随后话音一转,语气添了几分孤决:
“我深知擅杀降卒乃是朝廷重罪,只是老夫残年无几,这条罪责便由我一力担下,与监军全无干系。
他日朝中追责,监军只管将所有过错尽数推在我身上便是。”
“老将军……”高俅语声微颤,心底骤然翻涌万千感触。
至此他才算真正读懂,为何华夏千载文脉不绝、山河永续——从来都有这般赤胆之人,甘愿抛却身后清誉、不计个人祸福,只为替华夏扫清叛寇逆贼。
这般行事,纵使千载之后要落得一身污名、遭世人唾骂,于当下苍生社稷而言,
以自身毁誉换边境万民安宁、护中原河山无恙的惊天壮举!
高俅深深躬身一拜,久久不起,片刻才缓缓直起身,目光沉稳看向章楶:
“老将军何必独自担下这般杀降重罪。
沙场混乱、刀枪无眼,只要我二人布置周全,朝堂又怎会分得清蕃军是战死沙场,还是束手归降后遭屠戮?
何苦我二人主动揽下千古骂名?”
章楶轻轻摇头:“朝中不乏常年戍边、通晓兵事的重臣。
古来战例皆有定数,一支军队折损一成便军心动摇,折损两成已然溃不成军,极易四散乞降。

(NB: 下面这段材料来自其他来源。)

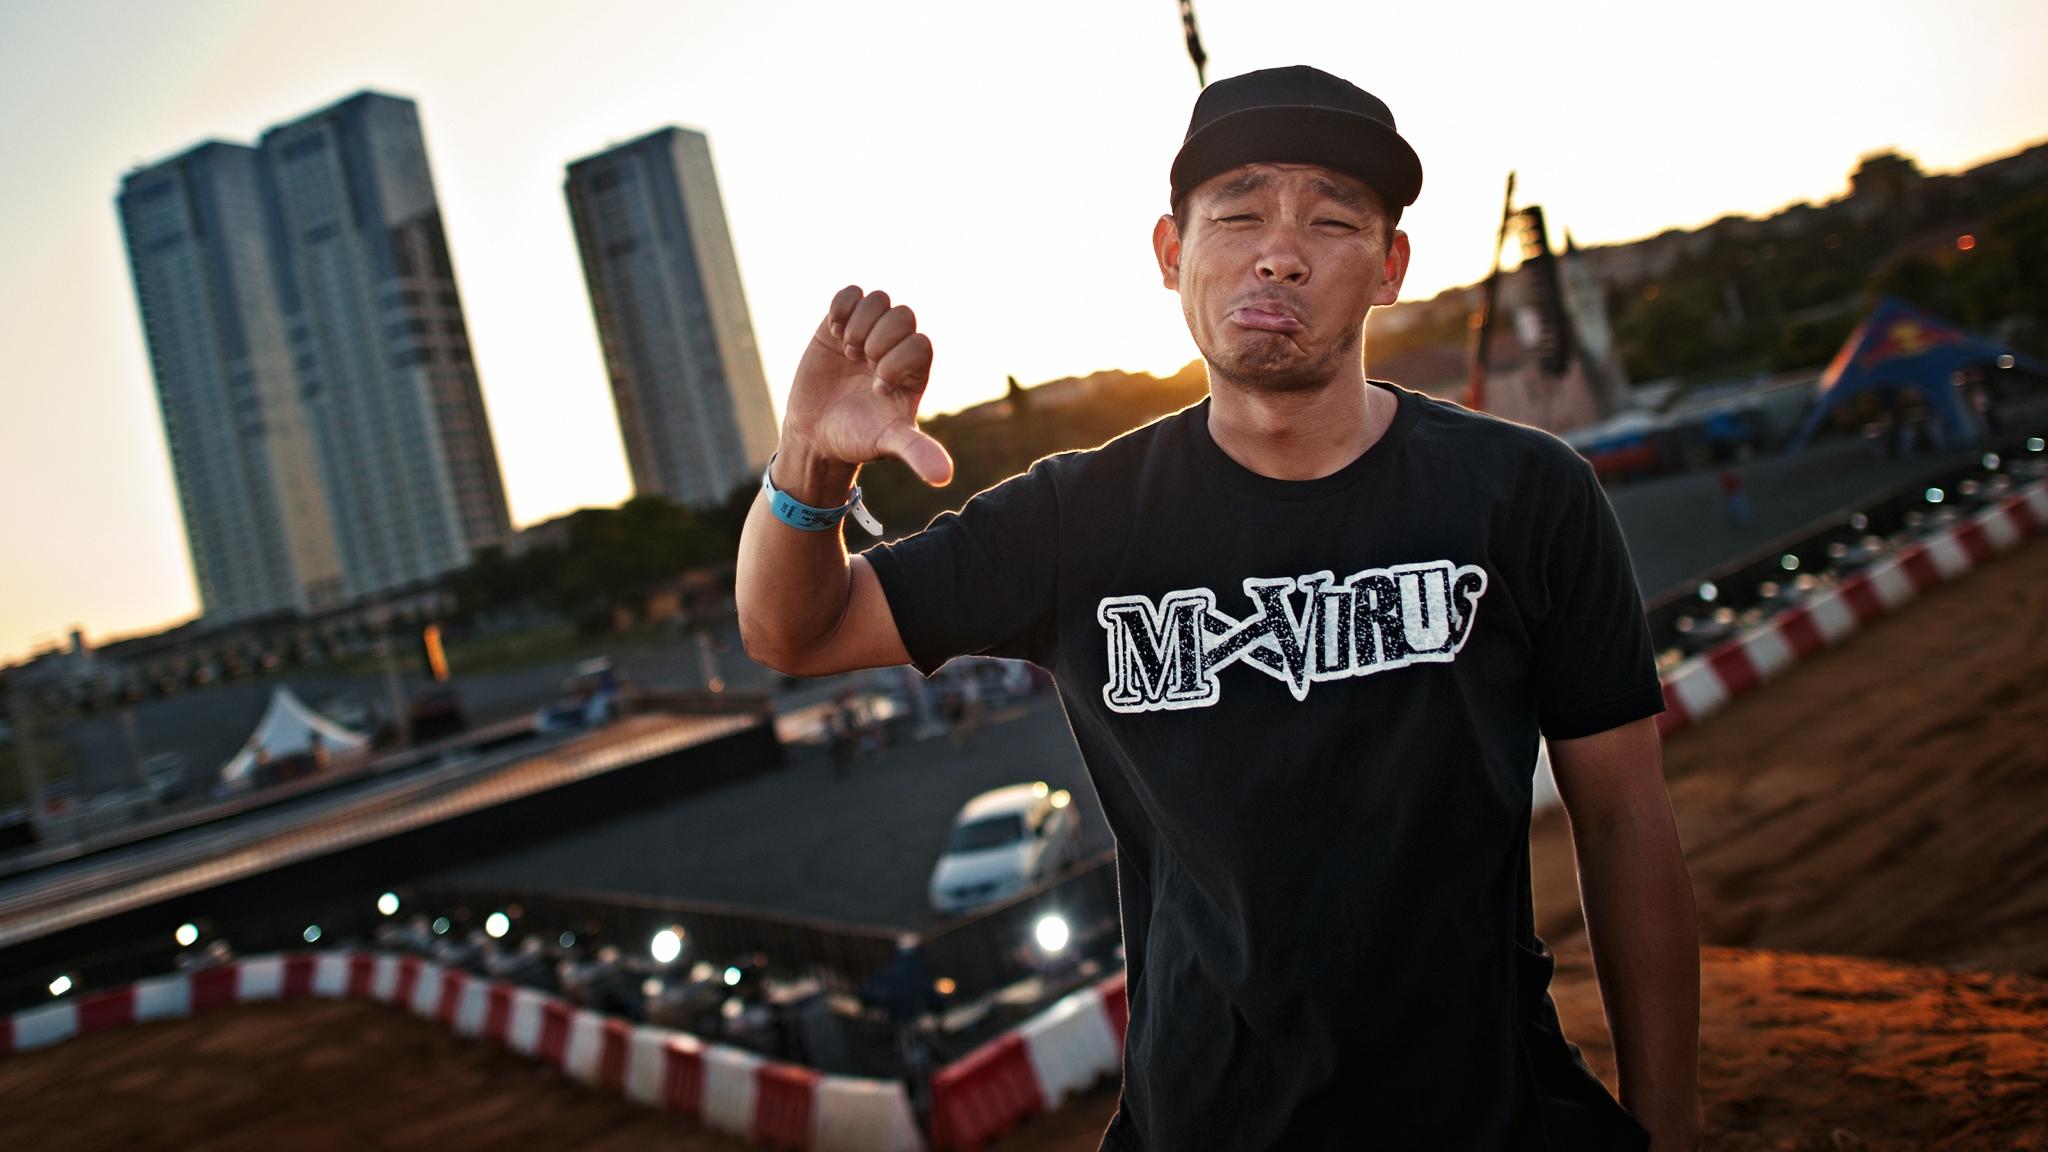 Eigo Sato
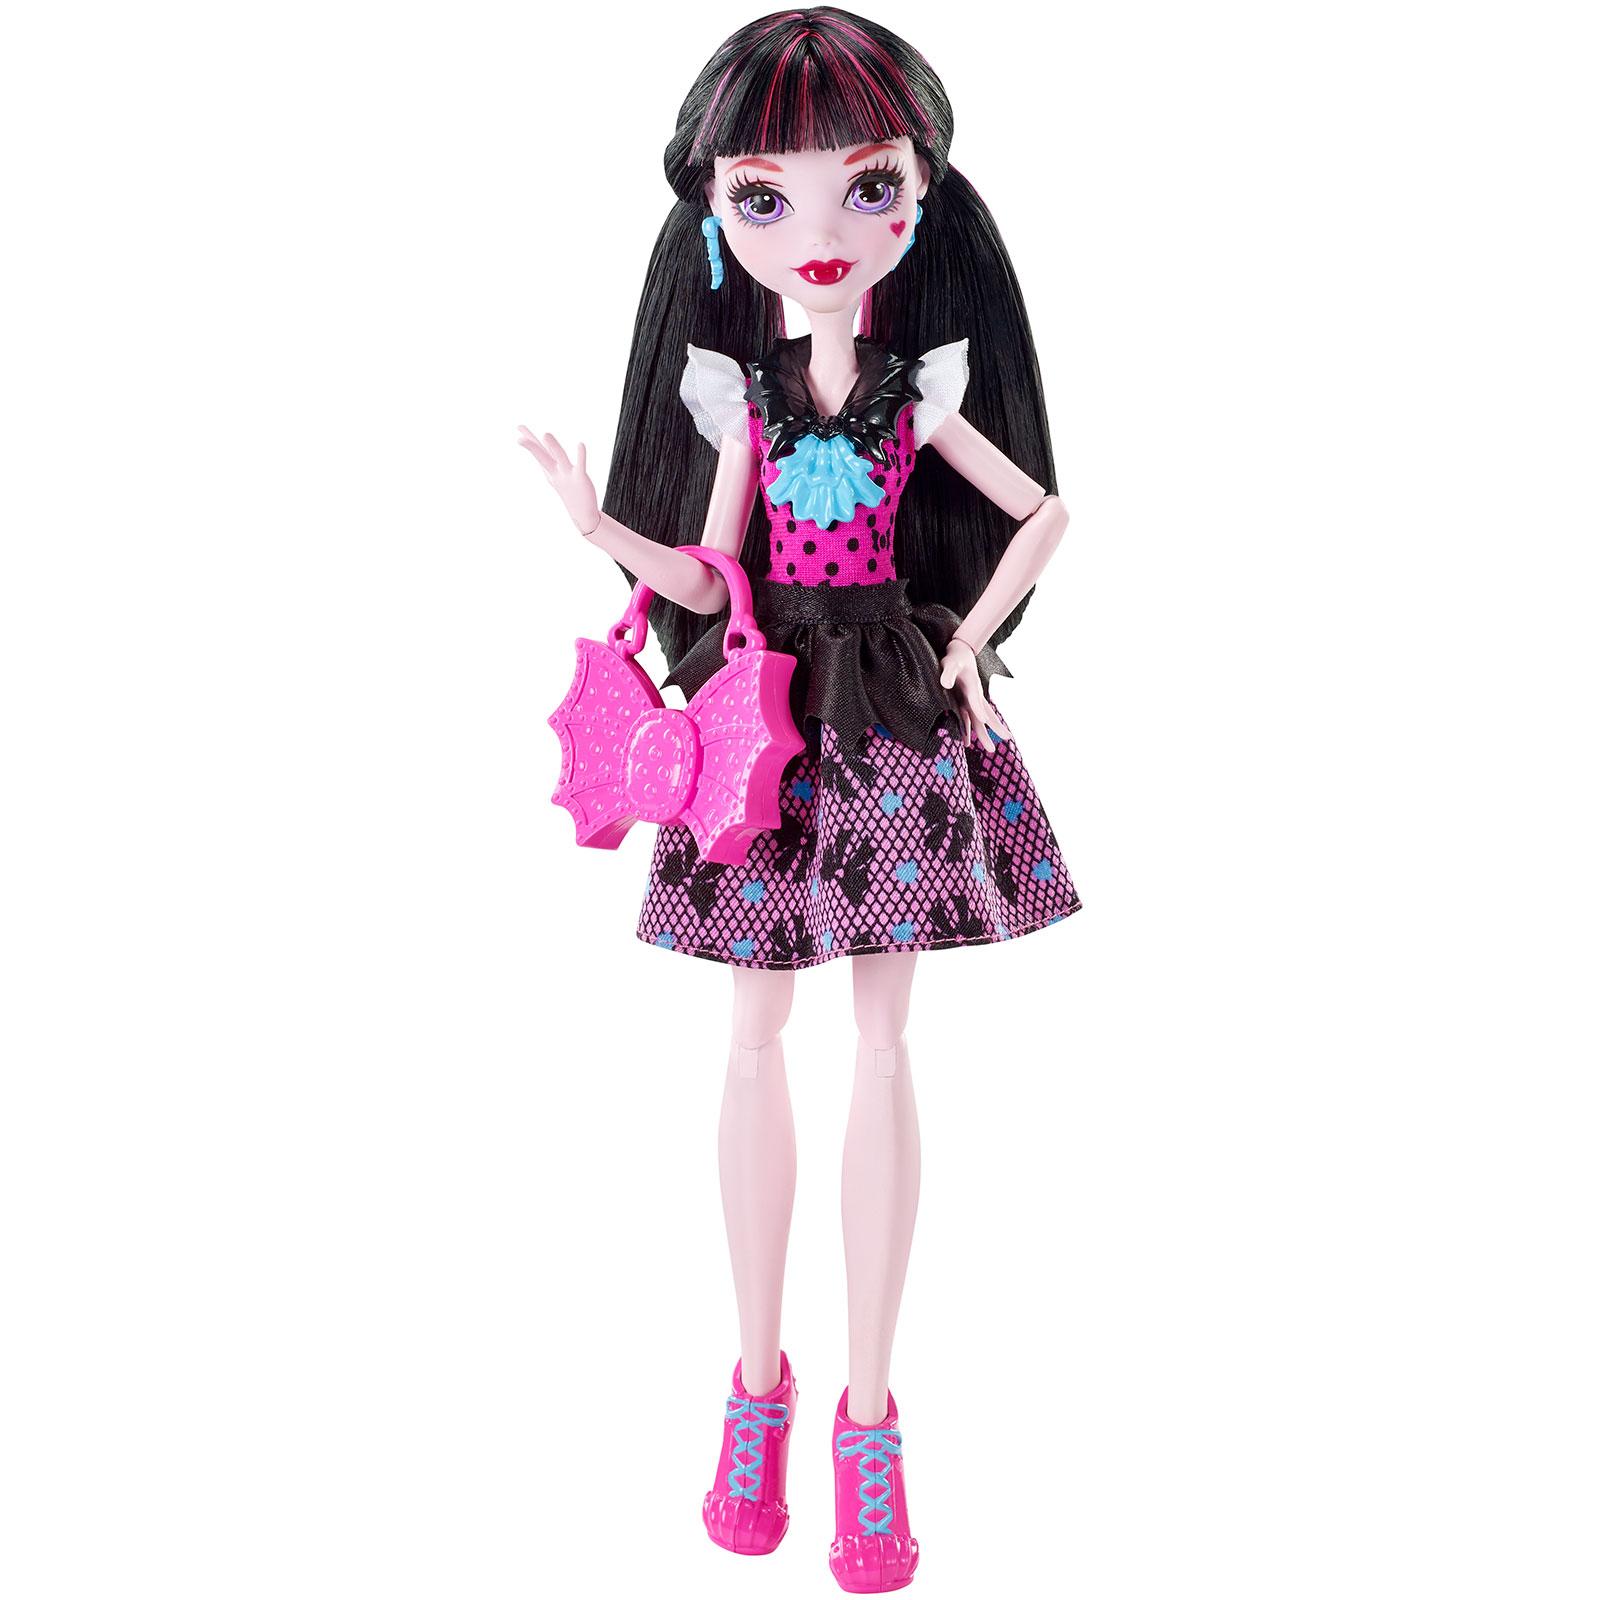 Mattel Girls Monster High Daughter of Dracula Doll - Draculaura PartNumber: 004W009103129001P

此番我军大破六万青唐主力,漫山遍野尽是贼兵,断无一个降卒都无的道理,这般实情瞒不住朝中知兵之人。”
高俅垂首沉吟半晌,突然想到了风险转移几个字,随后脑中生出一条两全之计,眼底精光一闪:
“宣抚,属下倒有一策可转移所有风险。
宗哥城内的瞎叱牟蔺毯与溪赊罗撒势同水火,此番更是被小陇拶拘禁蔺毯全族,心中积怨极深。
待我军于葛陂汤击溃蕃军主力、兵临宗哥城下,便可令瞎叱牟蔺毯献上投名状。”
章楶微微蹙眉,向前倾身问道:“监军此言何解?”
“以夷制夷。”高俅压低声音,“战后残余的蕃军溃卒,尽数移交瞎叱牟蔺毯处置。
蕃人部族内部仇杀清算,便与我大宋官军无半分干系。
由她亲手处置这批溪赊罗撒麾下精锐,等同于彻底和青唐王室决裂,往后只能依附我大宋求生。
我军只需出兵护住她与蔺毯部族老小周全,不必动手沾染杀戮。
这般一来,朝中百官无可指摘,河湟各部亦能看清,忤逆大宋、负隅顽抗,自有同族仇敌清算,不敢再轻易反叛作乱。”